What needs to be done:
Only one stretch of the data should be retyped: the lines from the line containing "Mario Kart Tour: The ultimate guide" through the line containing "Sample Agreement For". Keep pictures out of it.

Task data:
================================
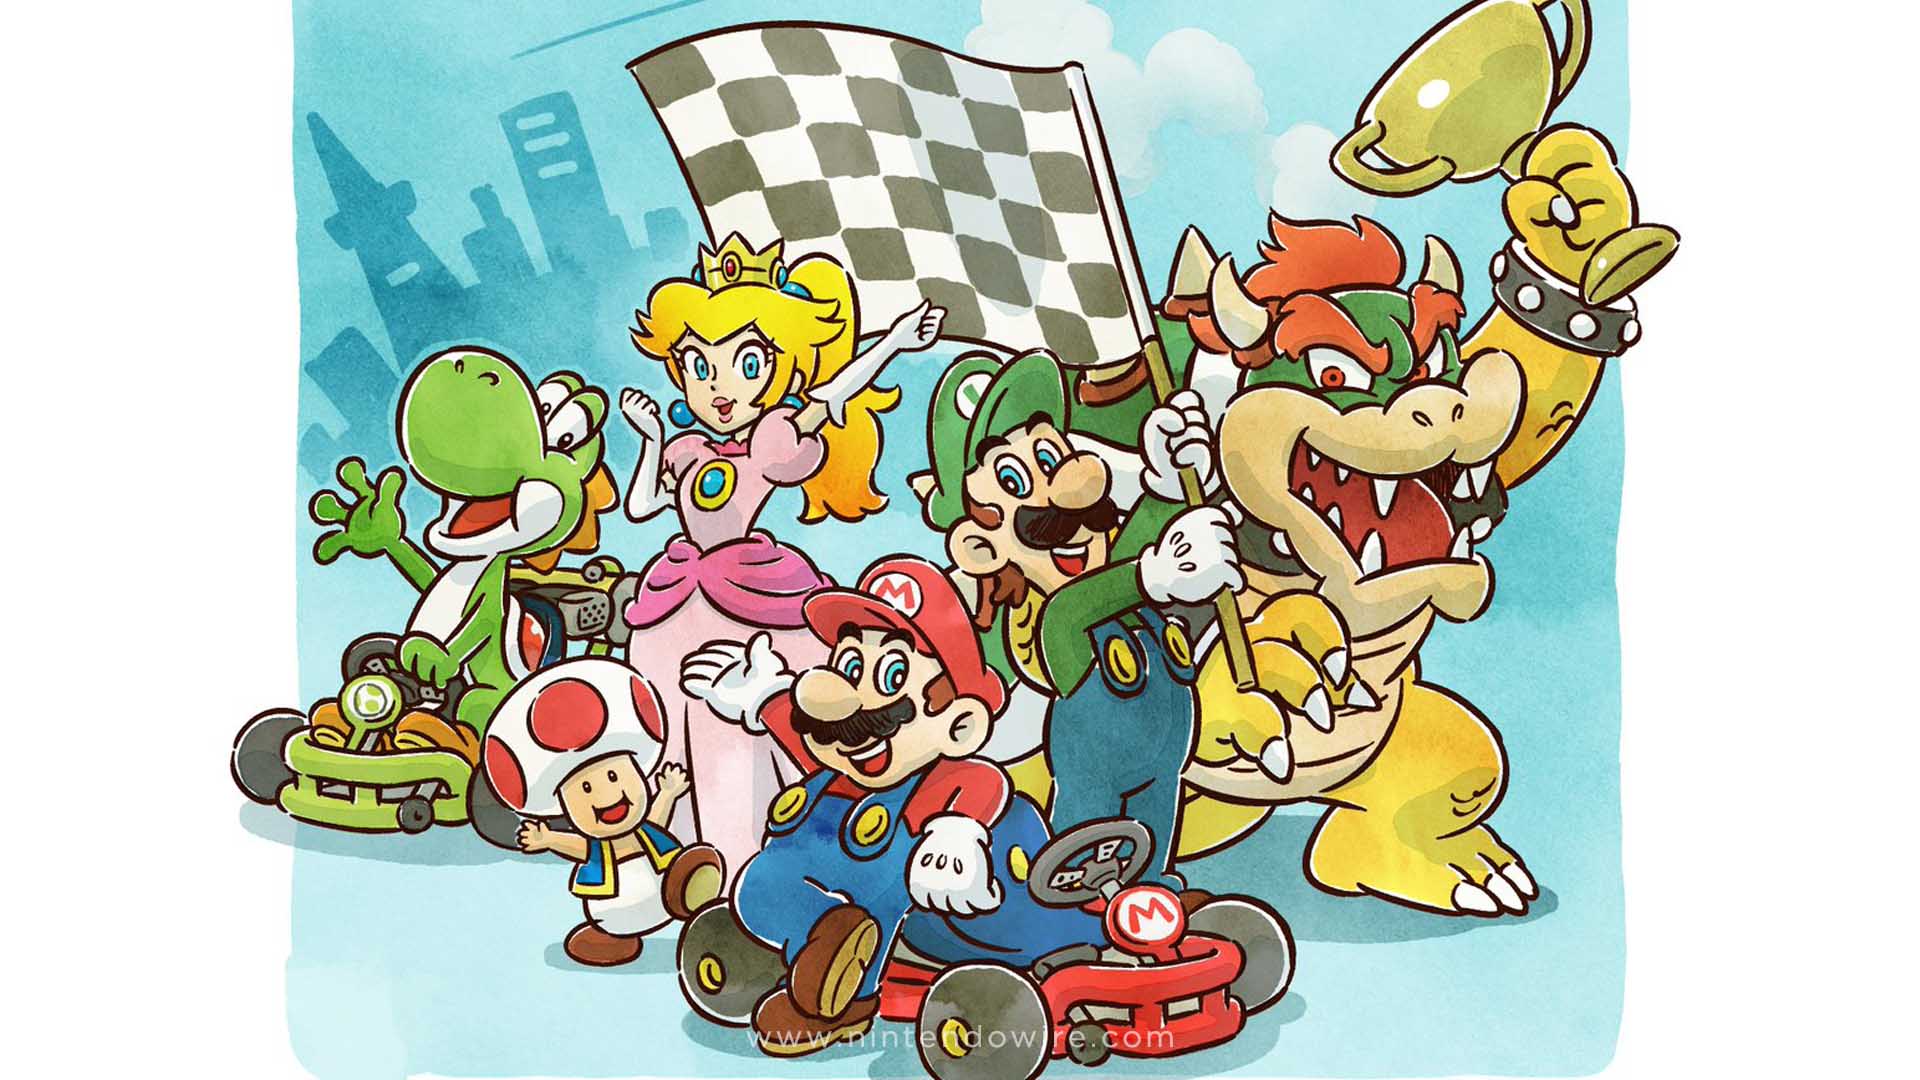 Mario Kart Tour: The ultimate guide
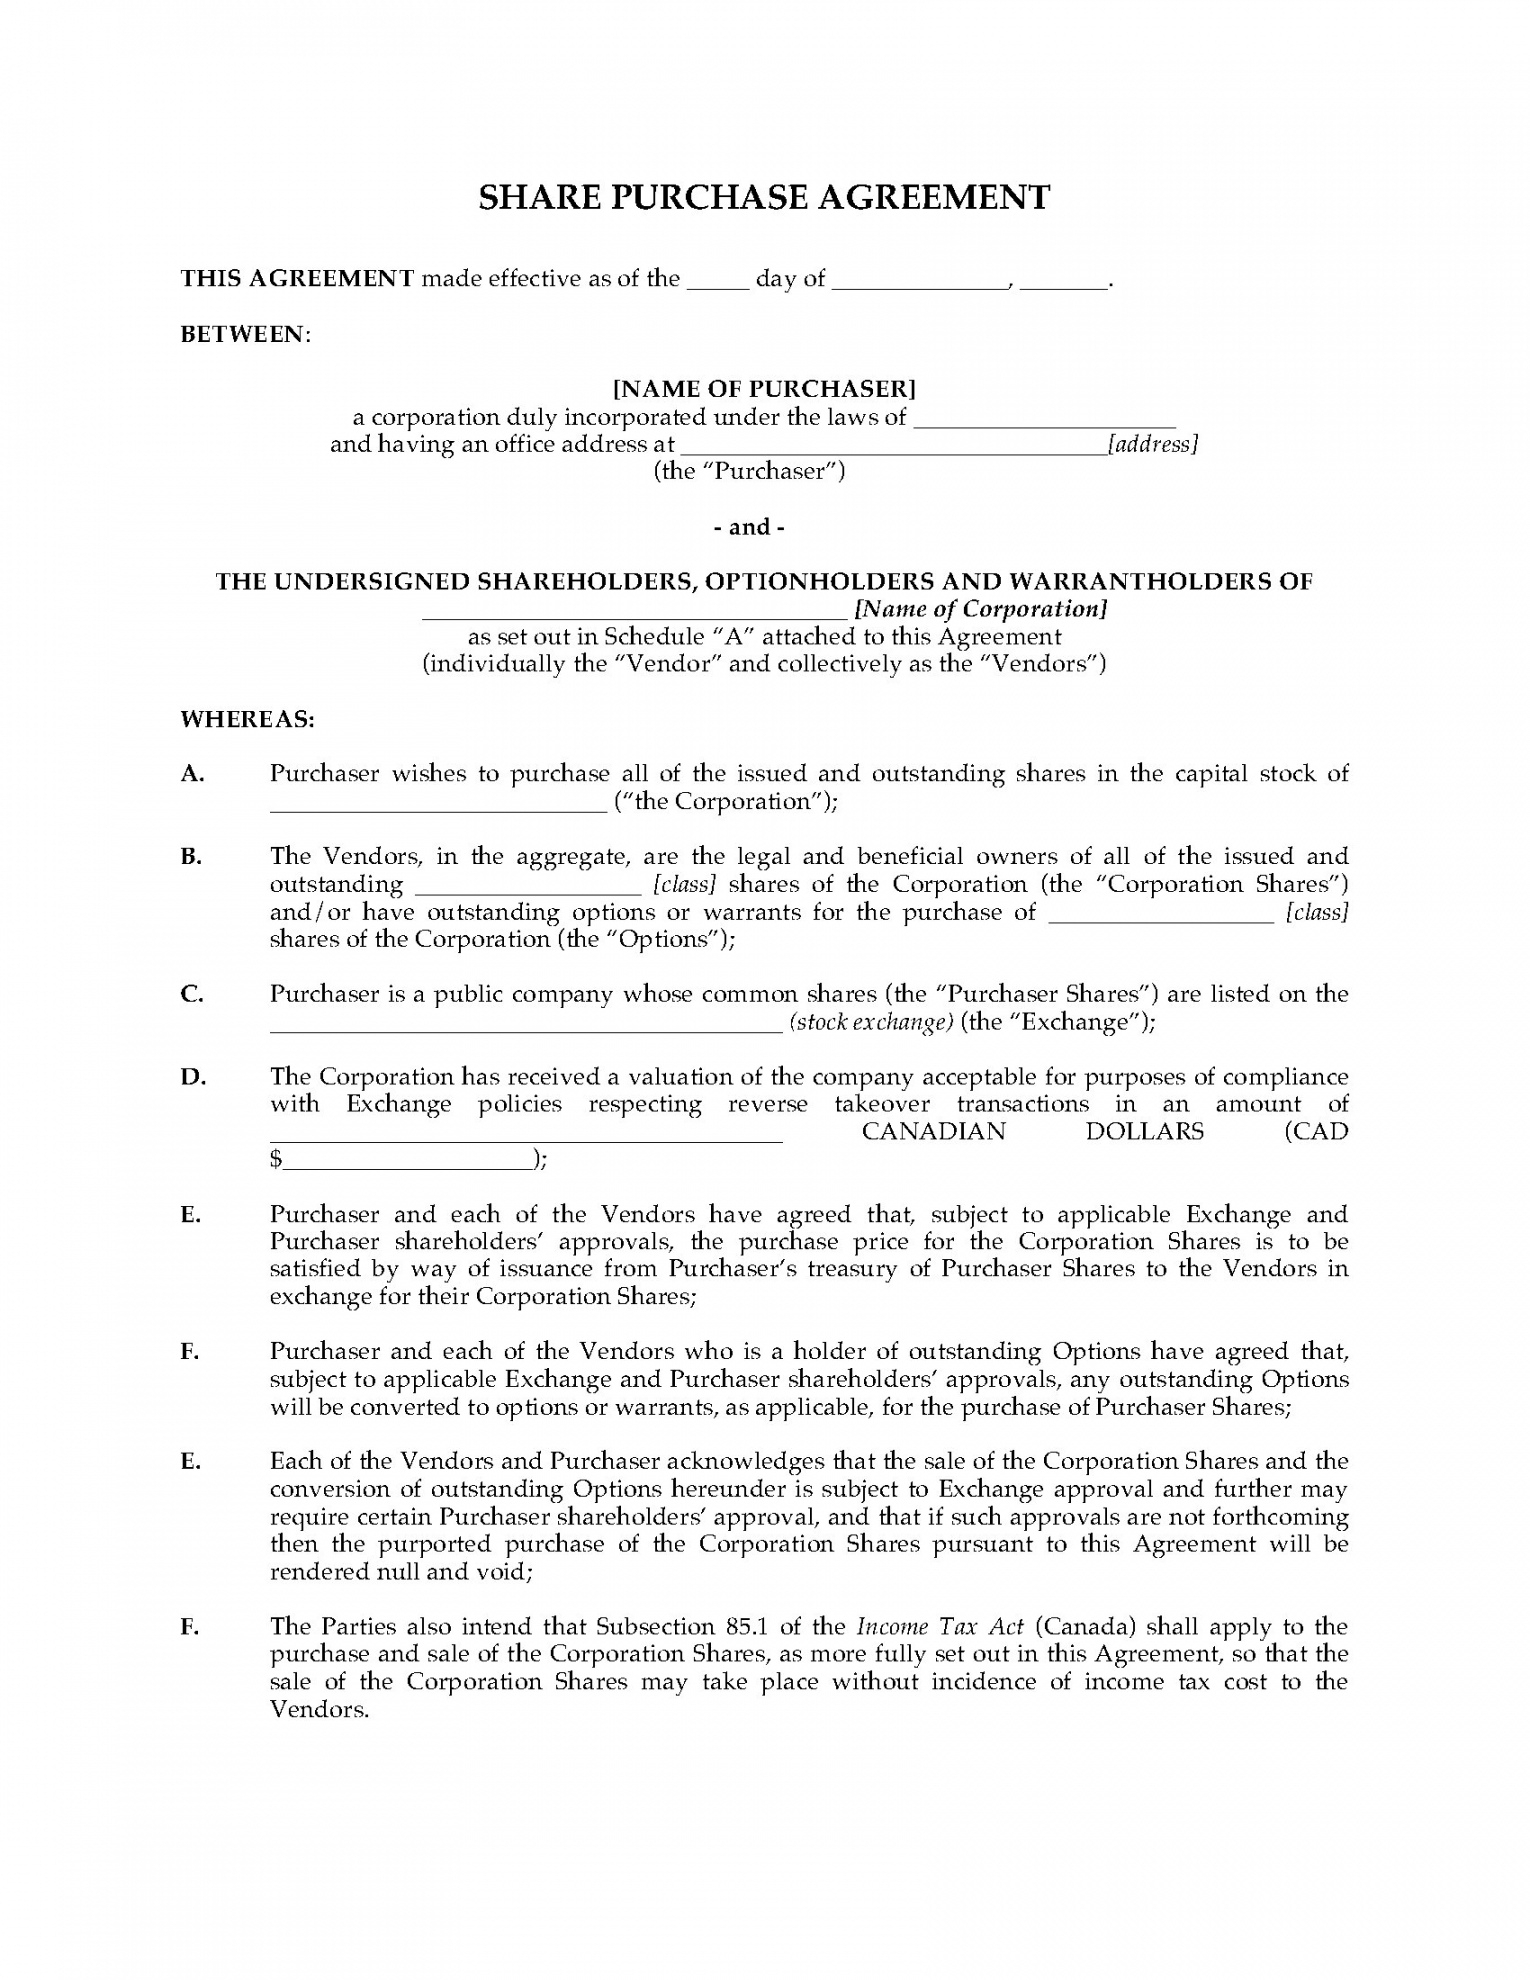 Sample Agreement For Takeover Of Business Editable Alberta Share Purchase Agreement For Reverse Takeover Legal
================================
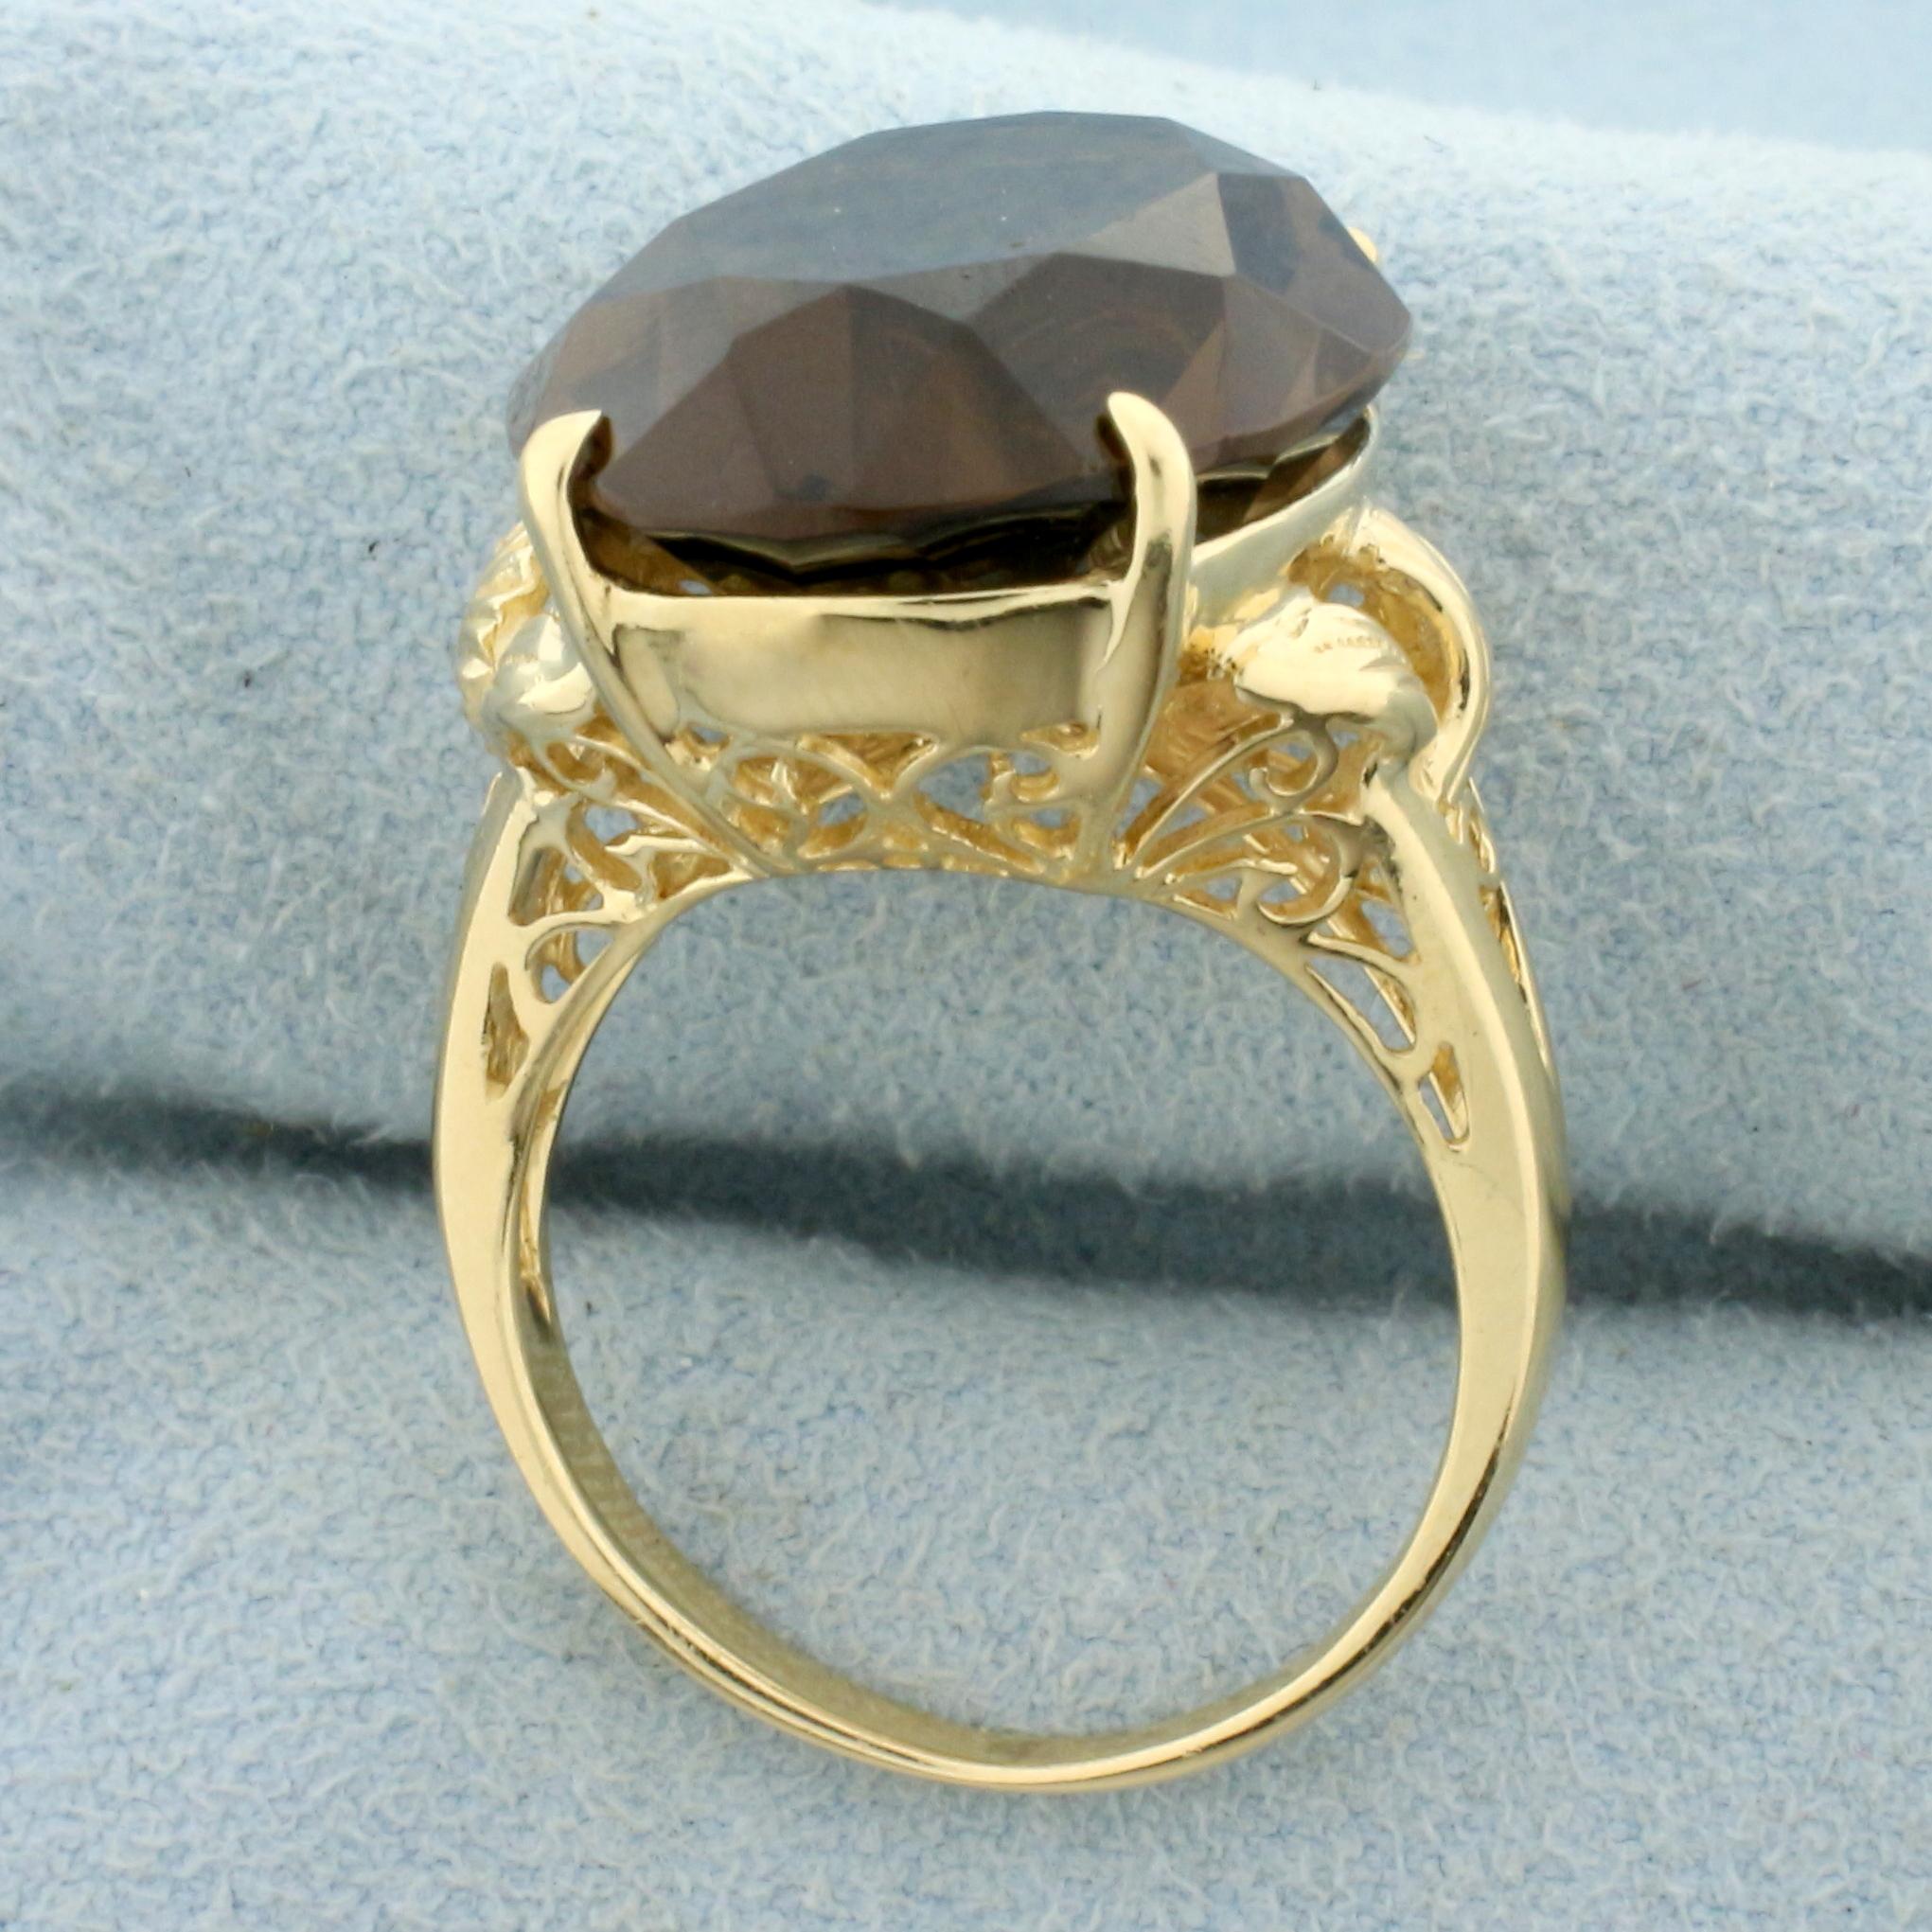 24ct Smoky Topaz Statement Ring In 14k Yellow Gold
================================
Result for this exercise:
 Mario Kart Tour: The ultimate guide
 Sample Agreement For Takeover Of Business Editable Alberta Share Purchase Agreement For Reverse Takeover Legal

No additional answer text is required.